Being in a secured estate our explore was hampered by the electric fence perimeter, which was our cue to get the car and take a drive to view the other wildlife, at the local pub, Grunter's.
It was very quiet (it was a Monday evening after all) but we were pleased with our surf n turf dinner and happy to call an early night since we had an early morning ahead of us.
Our early morning was to get into the Addo National Park while it was still cool enough to favour good animal sightings. With our nest literally across the road from the Southern entrance of the Park, we'd saved ourselves any additional early rising or unneeded car time.
We were able to fashion a modest breakfast with our patchwork of supplies and the amply equipped kitchen and rolled into the park, determined that we wouldn't leave until we saw at least an elephant.
The park issues a map with a checklist of animals each with a points allocation. Christian was thrilled when the first sighting for the day was his; a Dungbeetle scoring him 8 points. Things got tense when he then spotted zebra for an additional point.

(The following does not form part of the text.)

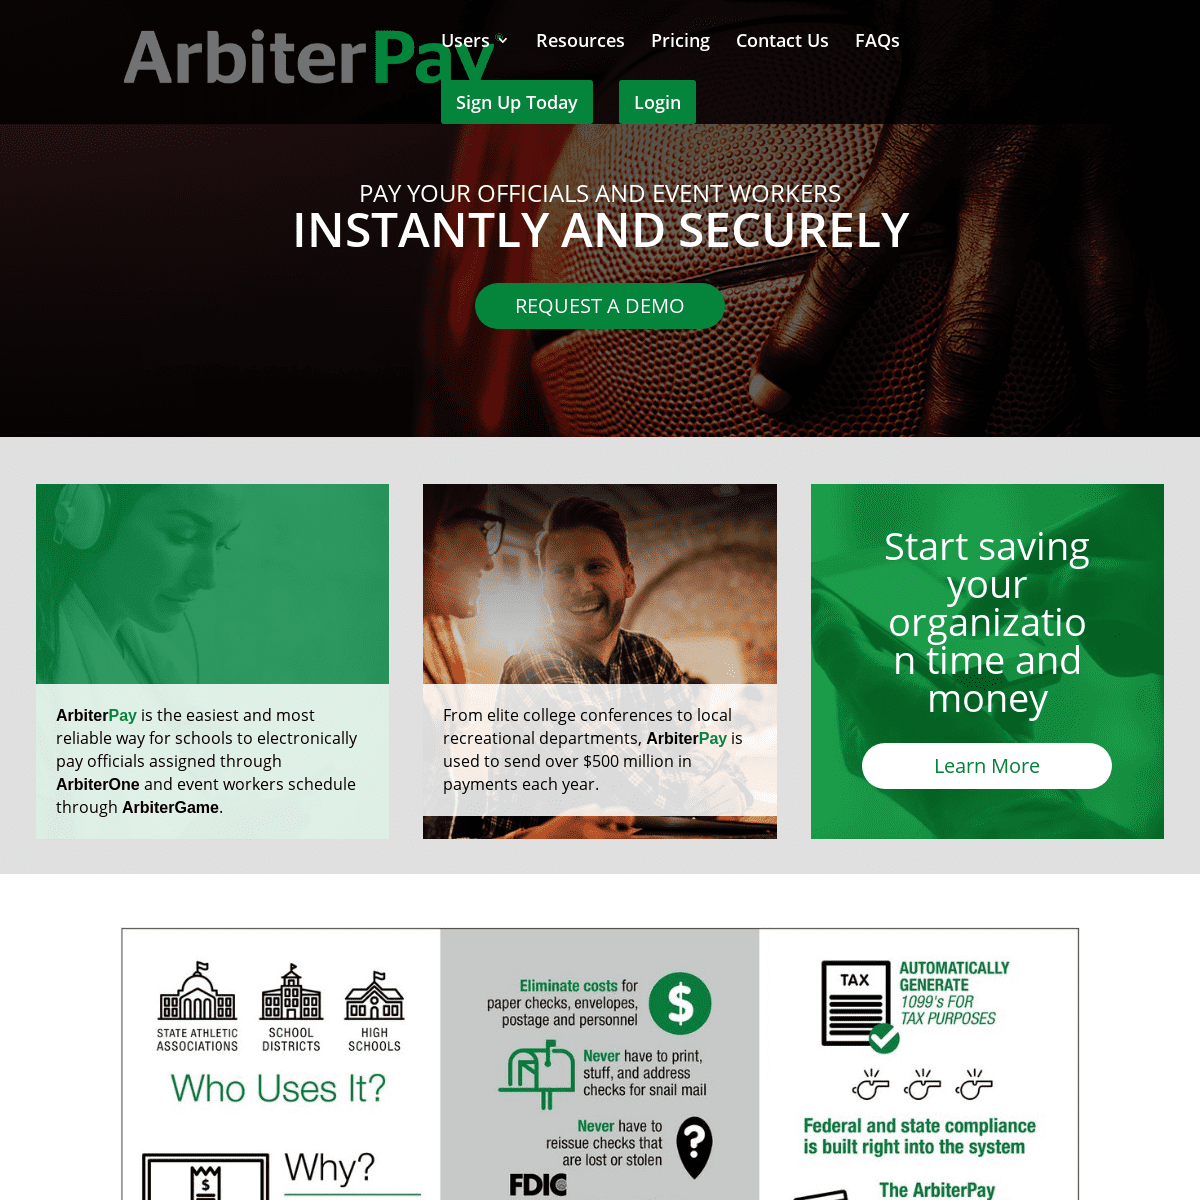 A complete backup of arbiterpay.com

But, turning a bend that saw the brush give way to an open veld, I evened the scoreboard with not one but two elephants!
From there it was a landslide; kudo, elephants, eland, zebra, elephants, warthogs, elephants, buffalo, camels. It's a very rewarding game drive experience, getting saturation point of sightings within a couple of hours!
Smug from a very successful morning in the park, we retired to our studio where we enjoyed the rest of the day lounging around, able to relax because there was nothing else unseen or undone in this sleepy little enclave. What a great day.